The VPM model is in the small range (from 5 to 23 days) approximately similar to a linear/polynomial model:

compare:

$$\left[ log(y) \right ]^\prime = \frac{y^\prime }{y} \approx a + bt$$

with

$$\left[ log(y) \right ]^\prime = \frac{y^\prime }{y} \approx a/t^2 + b/t$$

the latter can be approximately linear in a small range (note that the VPM actually already fails for the small values for your 18 data points, which you can see well on the log-scale, but these small values count less strongly in the sum of squared residuals; what the VPM seem to do well is fit the little jump with the 100% increase; in hindsight, we can say that this should be considered just fitting noise) ### Predictions/extrapolation

Note 1: I am well aware of spurious correlation. But with only 3 weeks of data, we many not be able to detect a different trend this early. Hence I am reporting the best fit regardless.

It is not very useful to fit curves in this way.
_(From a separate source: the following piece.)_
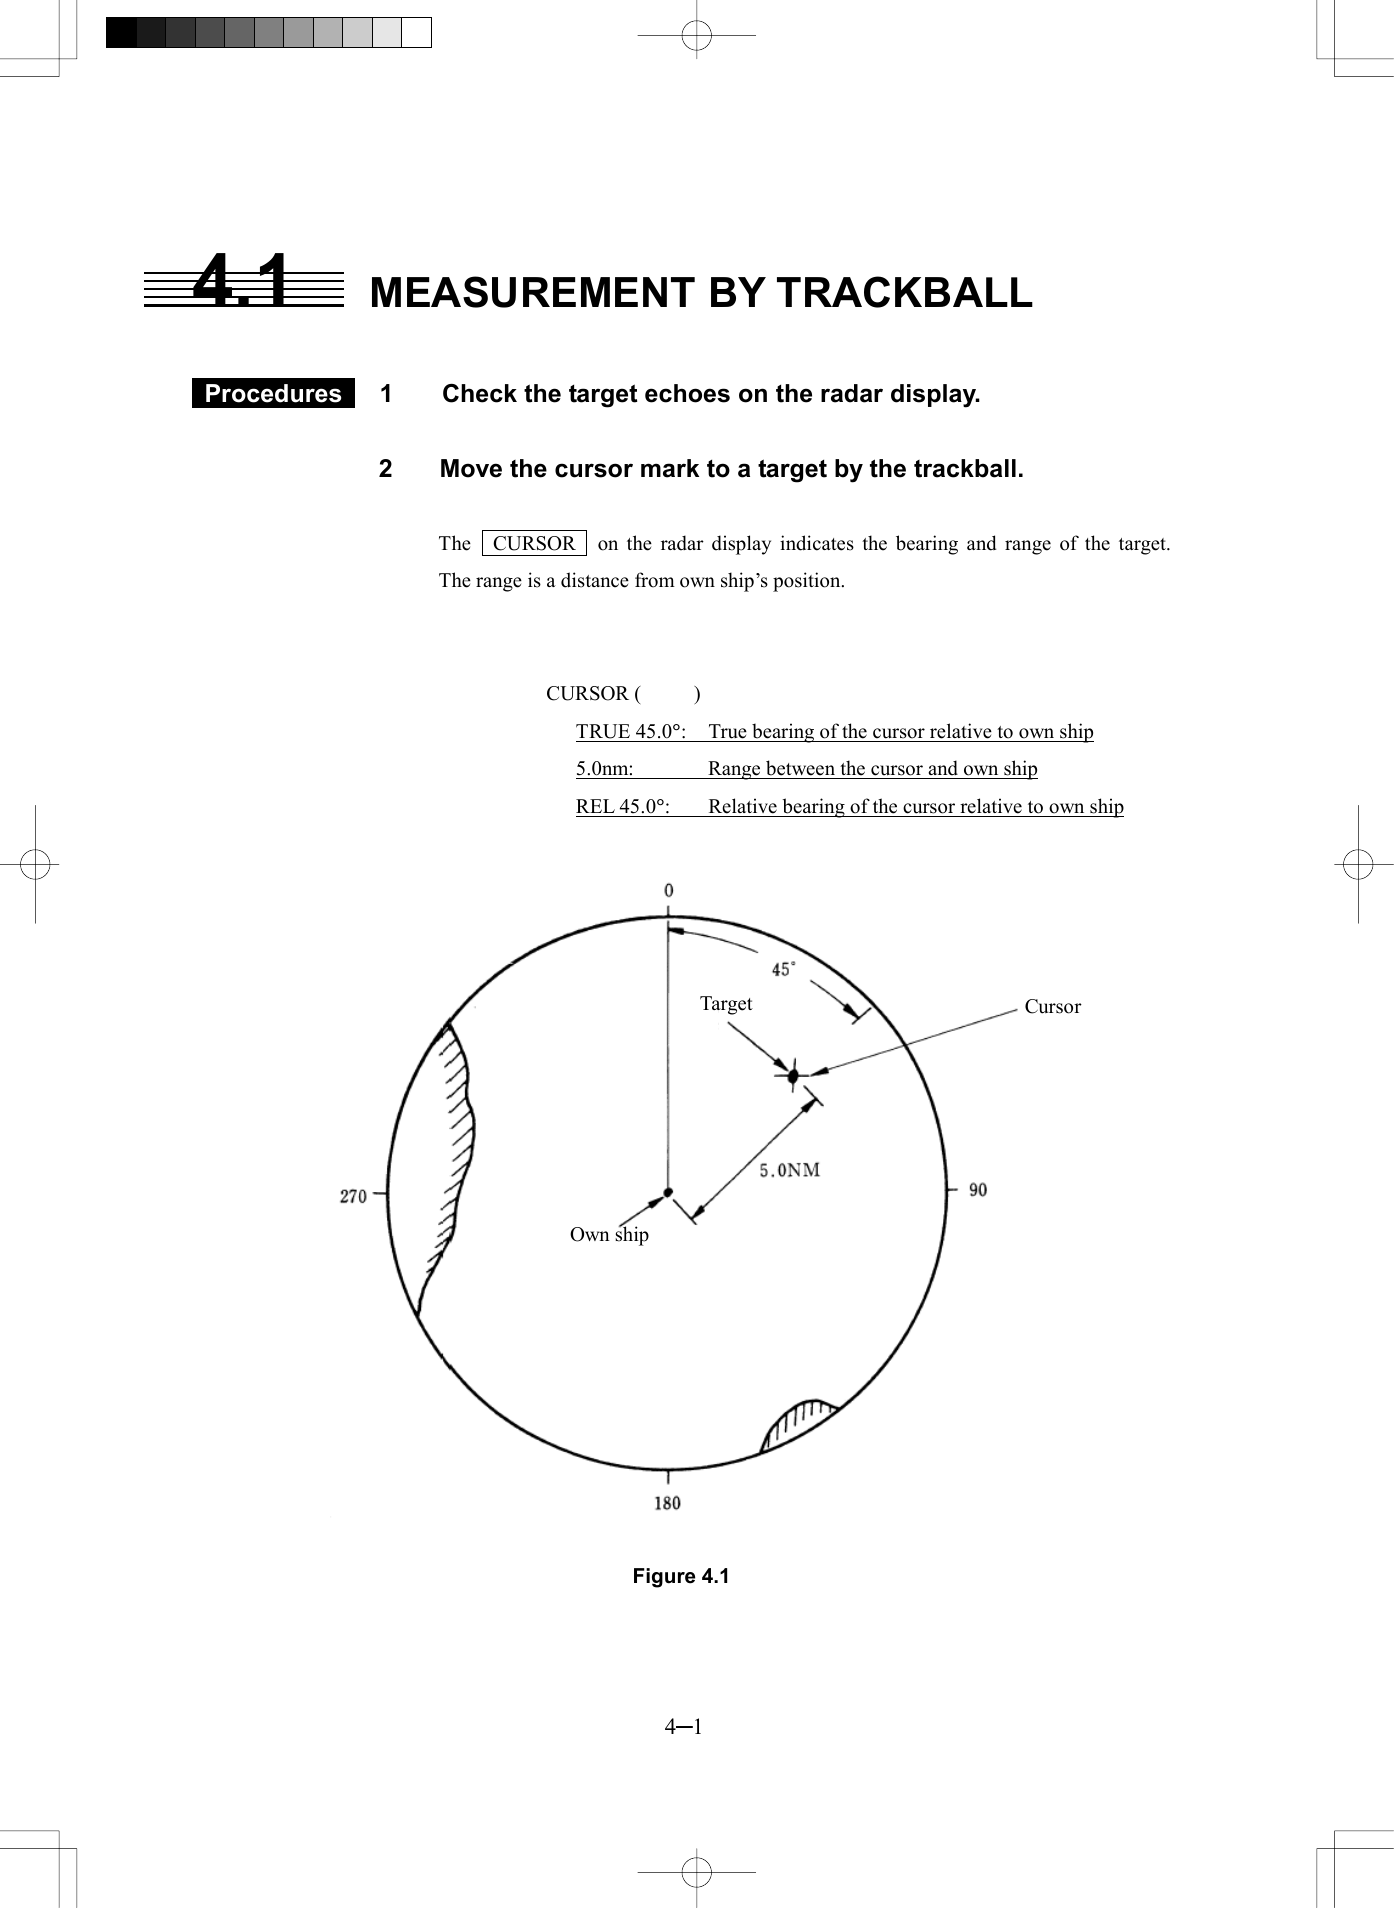  4─1 4.1  MEASUREMENT BY TRACKBALL   Procedures  1  Check the target echoes on the radar display.  2  Move the cursor mark to a target by the trackball.  The   CURSOR   on the radar display indicates the bearing and range of the target.   The range is a distance from own ship’s position.   CURSOR (     ) TRUE 45.0°:  True bearing of the cursor relative to own ship 5.0nm:  Range between the cursor and own ship REL 45.0°:  Relative bearing of the cursor relative to own ship   Figure 4.1  Target CursorOwn ship

It doesn't tell much information when there is not a good underlying theory.

In the image below two models are extrapolated and they give a final number of 45.3k or 47.8k cases and at that point (after only 2 or 3 days) the growth rate is zero (according to those models).

This extrapolation is not very useful. We don't know whether the model is truly like a curve that happens to fit well (and we could devise many other curves that would fit equally reasonable).

There may be more parameters involved that we do not take into account. The fits with those polynomials are not expressing what happens outside the range. It is not difficult to imagine that the growth will be for a long time nonzero, this is a scenario that is not modeled by a 'random' fit with a polynomial or some other method like a curve fitting tool that just checks a limited set (67) of various models (that may have nothing to do with the situation). This optimistic extrapolation with polynomial models looks even more dramatic when we look at the absolute growth of cases. Currently, this is in the ten thousands per day. The trend in the last days does not show that this is gonna decrease so quickly and it seems like we are gonna hit above 50 000 cases.